More megacap tech firms are set to step into the limelight on Thursday, including iPhone-maker Apple, e-commerce behemoth Amazon and Facebook-owner Meta Platforms (NASDAQ:META).
3. Fed decision in focus
Markets will also be keeping their eye on the Federal Reserve, as the world’s most influential central bank holds its latest two-day policy meeting.
Fed officials are tipped to keep interest rates on hold at more than two-decade highs following the gathering on Wednesday, placing extra focus on any comments regarding the outlook for borrowing costs in the near term.
In December, the Fed signaled that it could reduce rates six times this year, fueling hopes for a cut as early as March. But several policymakers have moved to temper these expectations, indicating that worries remain that a rapid loosening in financial conditions could reignite cooling inflationary pressures.
A stronger-than-expected advance estimate of fourth-quarter U.S. growth last week also bolstered the case for the Fed to hold off on lowering rates any time soon. Meanwhile, economists expect January nonfarm payrolls on Friday to show ongoing resilience in the U.S. labor market — although the Fed will not be able to factor this particular piece of data into its latest projections.
How the Fed sees price gains and economic activity evolving in 2024 will likely influence bets over the timing of the first cut. According to Investing.com’s Fed Rate Monitor Tool, there is an almost 50% chance the bank will roll it out in May.
4. China Evergrande ordered to liquidate
China Evergrande has been ordered to be wound up by a Hong Kong court after the world’s most indebted property developer failed to secure a restructuring agreement with its creditors.
The group, which has over $300 billion in total liabilities, has been attempting to secure the deal for more than two years in the wake of a bond repayment and a series of court hearings.
But Justice Linda Chan on Monday appointed management consultancy Alvarez & Marsal to liquidate Evergrande, arguing that the move will provide some certainty to creditors. “It is time for the court to say enough is enough,” Chan said in the morning court session, Reuters reported.

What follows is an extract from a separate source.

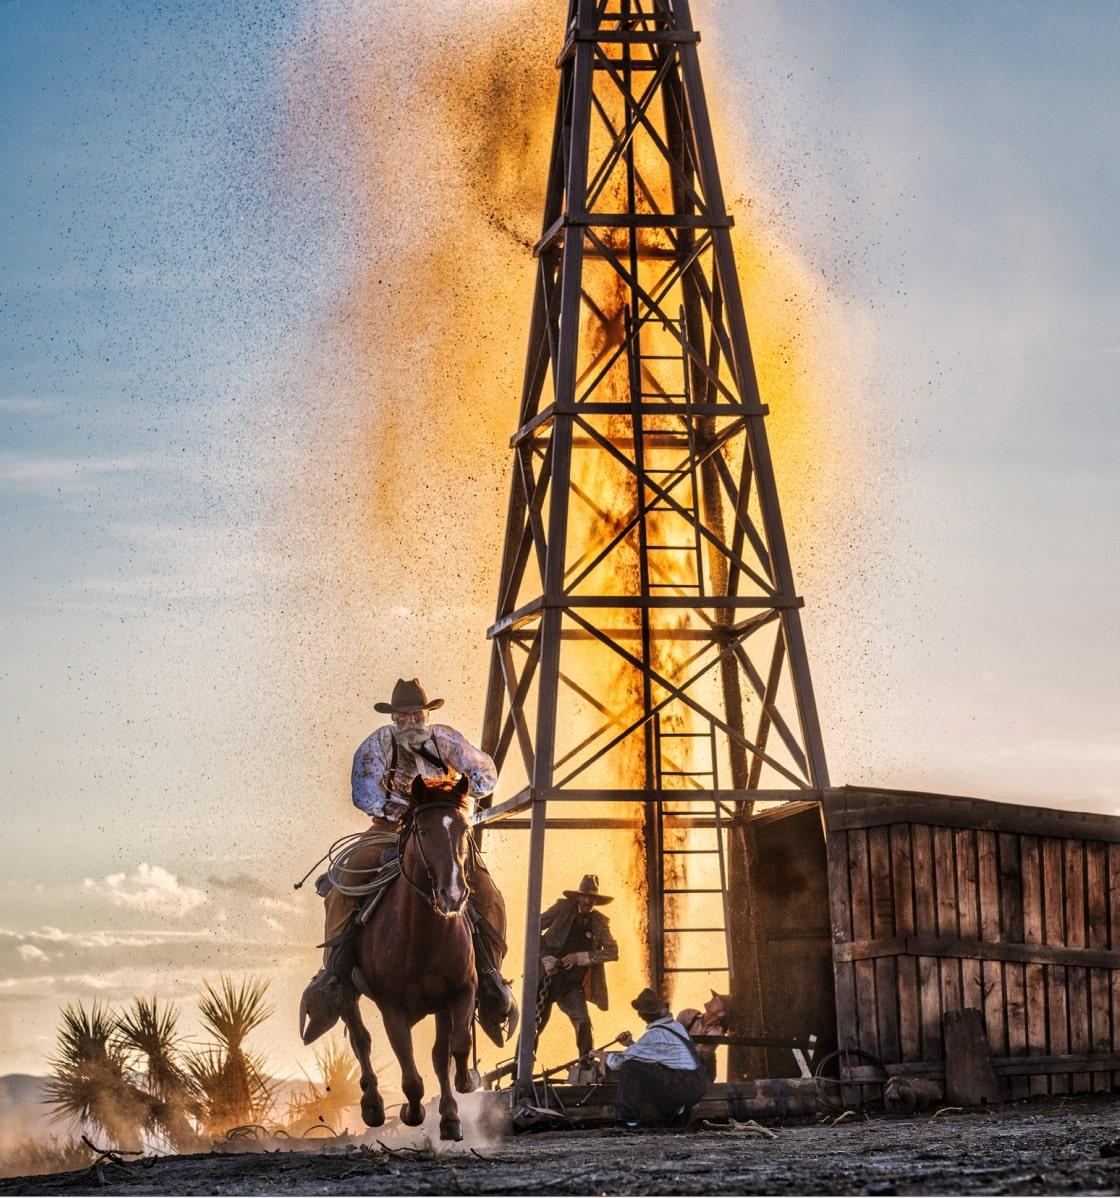 David Yarrow Figurative Photograph - The golden age of Oil - cowboy in front of oil derrick, fine art photography

Evergrande’s Chief Executive Siu Shawn told Chinese media that the decision will not impact the operations of its onshore and offshore units. But analysts have flagged that the liquidation process could be complicated and lengthy, as well as damaging to already downbeat sentiment around the state of China’s property market.
Shares in Evergrande slumped by just under 21% after the announcement.
5. Crude volatile amid Middle East turmoil
Oil prices were choppy on Monday, as traders fretted over increased disruptions to supply in the Middle East following a drone attack on U.S. forces in Jordan over the weekend.
By 05:08 ET, the U.S. crude futures contract traded 0.4% lower at $77.73 a barrel, while the Brent contract fell 0.3% to $82.68 per barrel. Both contracts had risen earlier in the day.
The attack, which U.S. President Joe Biden said was carried out by Iran-backed militants, resulted in the death of three American service members. It was the first deadly strike against U.S. forces since the Israel-Hamas war erupted.
Iran has denied involvement in the attack, but it does raise concerns over a more direct confrontation between the two countries, potentially resulting in regional energy supply disruptions in the oil-rich Middle East.